C:\JavaTools>java ByteConvert
intResult = 147
byteResult = -109
Exception in thread "main" java.lang.NumberFormatException: Value out of range.
Value:"10010011" Radix:2
        at java.lang.Byte.parseByte(Unknown Source)
        at ByteConvert.main(ByteConvert.java:9)

As can be seen, parseByte detects a value "larger" than a byte.

Comments

0

According to the java documention at http://docs.oracle.com/javase/1.5.0/docs/api/java/lang/Byte.html#parseByte(java.lang.String),

 "The characters in the string must all be digits, of the specified radix 
 (as determined by whether Character.digit(char, int) returns a nonnegative
 value) except that the first character may be an ASCII minus 
 sign '-' ('\u002D') to indicate a negative value."

So the binary representation is not twos-compliment. The byte 10010011 in twos-compliment notation would be negative given that the upper bit is a 1. So if you want to get the same value as the twos-compliment byte 10010011, you would need to do Byte.parseByte("-1101100");.

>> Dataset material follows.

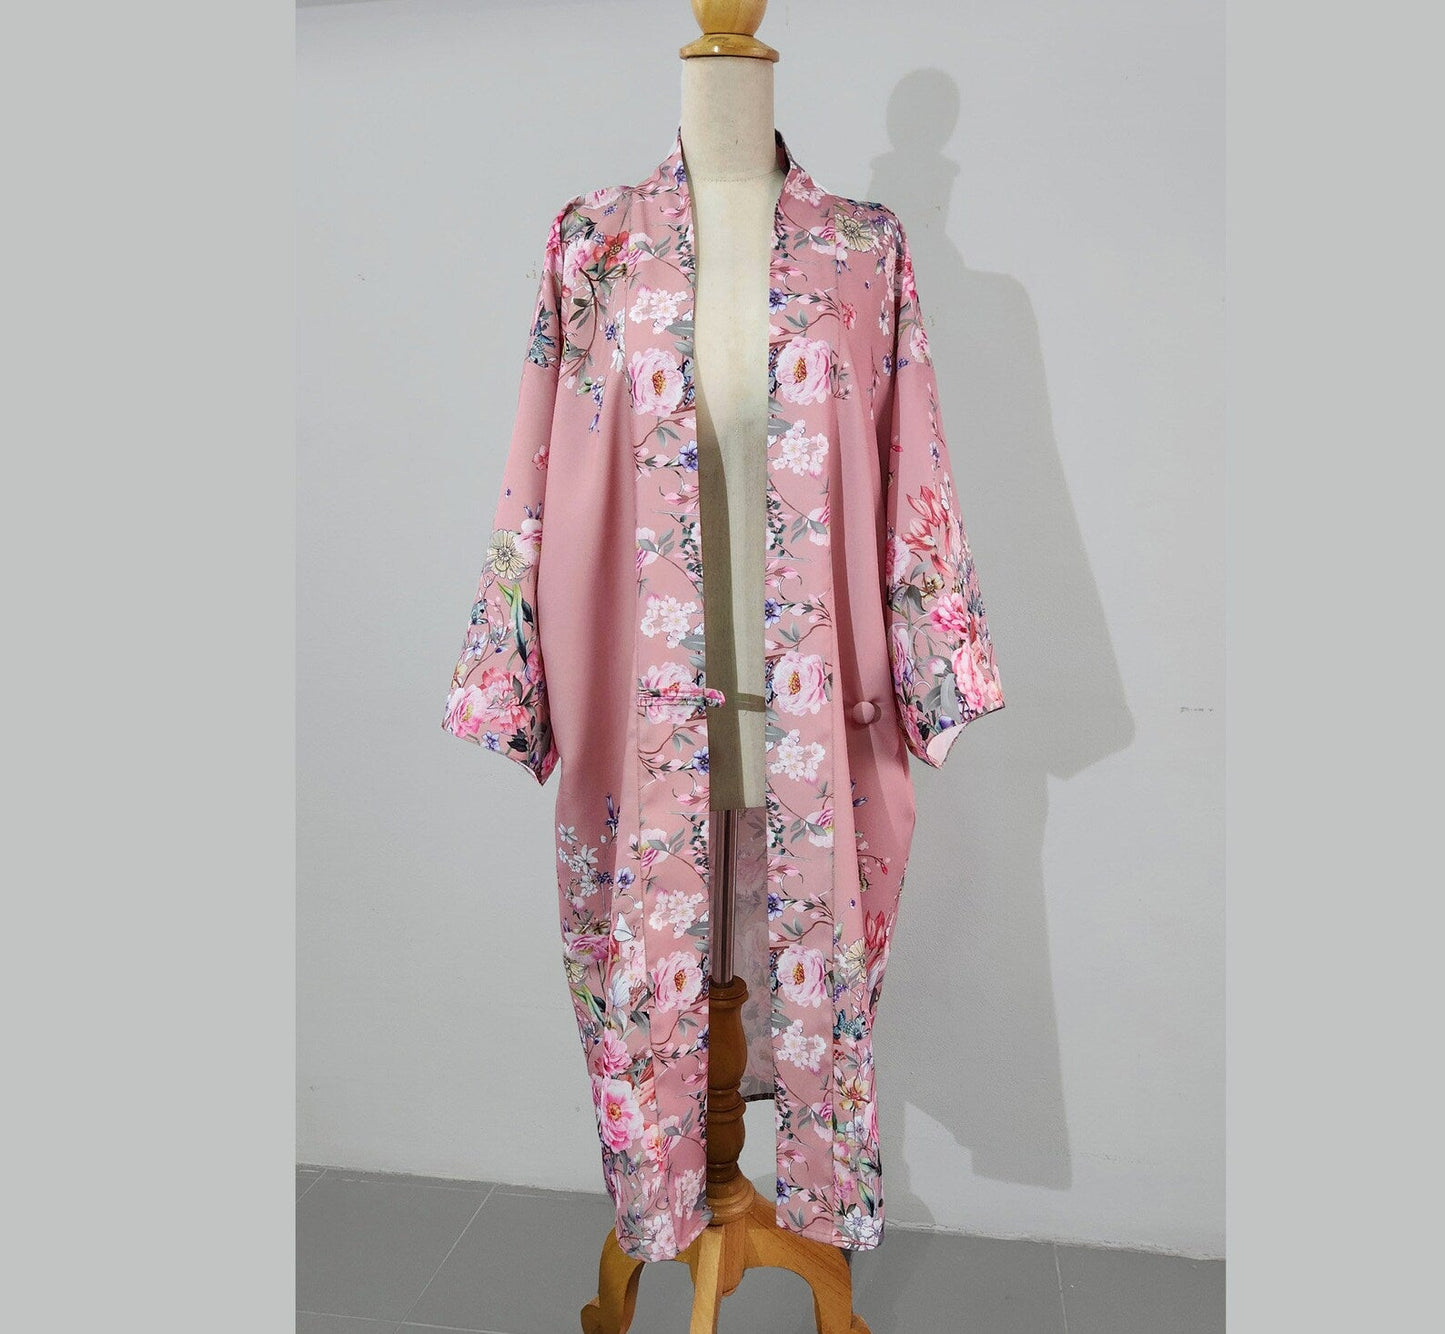 Mauve pink Japanese style and 1920s-inspired loungewear

Put another way, the maximum value an unsigned byte can have is 255. The maximum value a signed byte can have is 127 (because if the most-significant-bit is 1, then it is interpreted as a negative number). However, the issue with parseByte() is that it instead uses an explicit "-" symbol instead of a 1 to indicate negative numbers. This means that the rest of the "byte" can only use 7 bits.

1 Comment

For some fun: Integer.parseInt(Integer.toBinaryString(-1), 2). May be consistent with documentation, but fails the POLA.